Thanks for your kind words… i am only as strong as Matthew makes me because he is a strong little one and i need to keep up with him. Both our journeys have been challenging but as i always say… we are going to get there one day! Yes, the surgerywas scheduled quickly… uckily the ped had ordered blood tests a couple of weeks ago and they were good and our GI is really excellent and responsive. I know it is going to be hard to have the PEG in but i am going to be able to look at Matthew’s face again and no more tying (don’t even know how to spell anymore) him down to bed for the NG anymore adn no more marks and no more sensitivity around tube!!!

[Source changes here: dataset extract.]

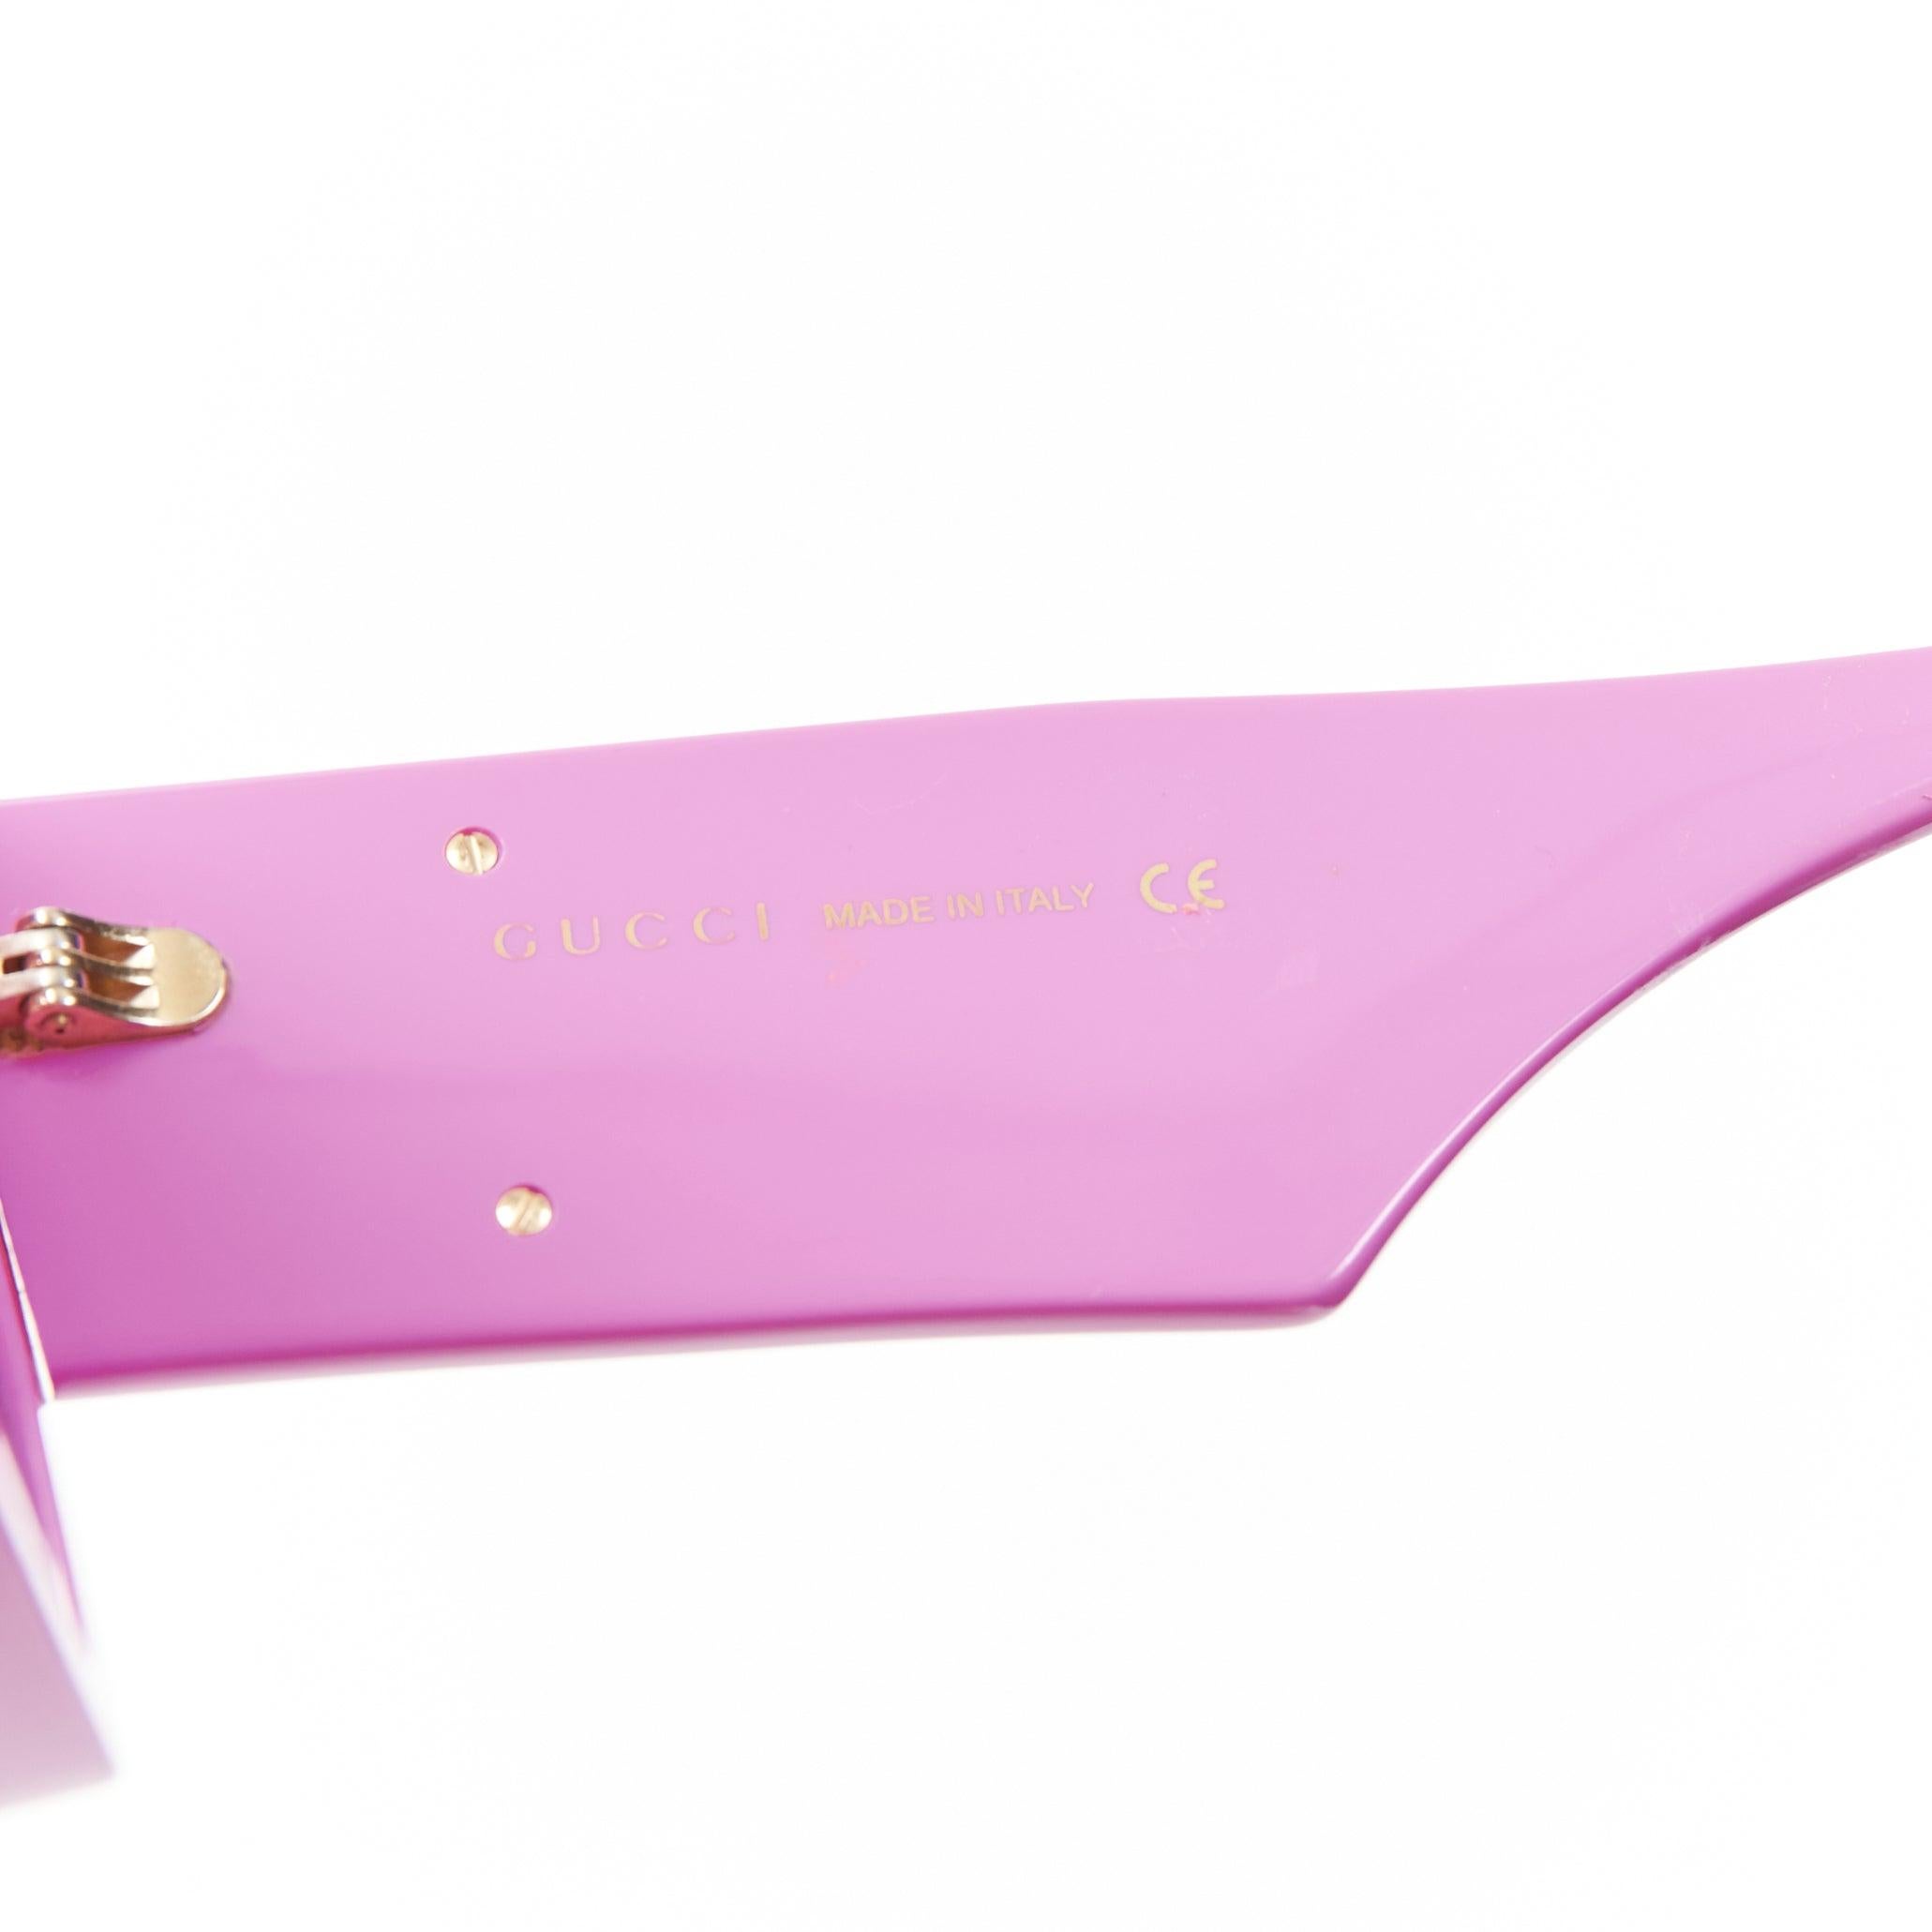 GUCCI Alessandro Michele GG0956S pink GG logo square frame oversized sunglasses For Sale 2

One thing i wanted to talk to you about… has your OT ever said something about sensory issues for Hailey around the hands adn upper body? We had someone else come in and take a look at Matthew. She said he looked really defensive around his upper body. If you get his hand and try to get him to touch anything, he freaks out even if i do it. He is not really interested in touching textures, but he does put everything to his mouth so she does not think there is anything around the mouth. She said that that, rather than discomfort around belly, could be the cause of him not crawling. Also when holding him he cannot be facing you. It is his space. So we are going to work on some exercises and brushing and compressions and see if he changes his temperament a little bit. She is not specialised in feeding… but i was wondering whether Matthew may have an issue with us approaching him with the bottle and the spoon and him getting so defensive and pushing it away… who knows i will have to discuss it with her next time… just thought it was interesting idea!!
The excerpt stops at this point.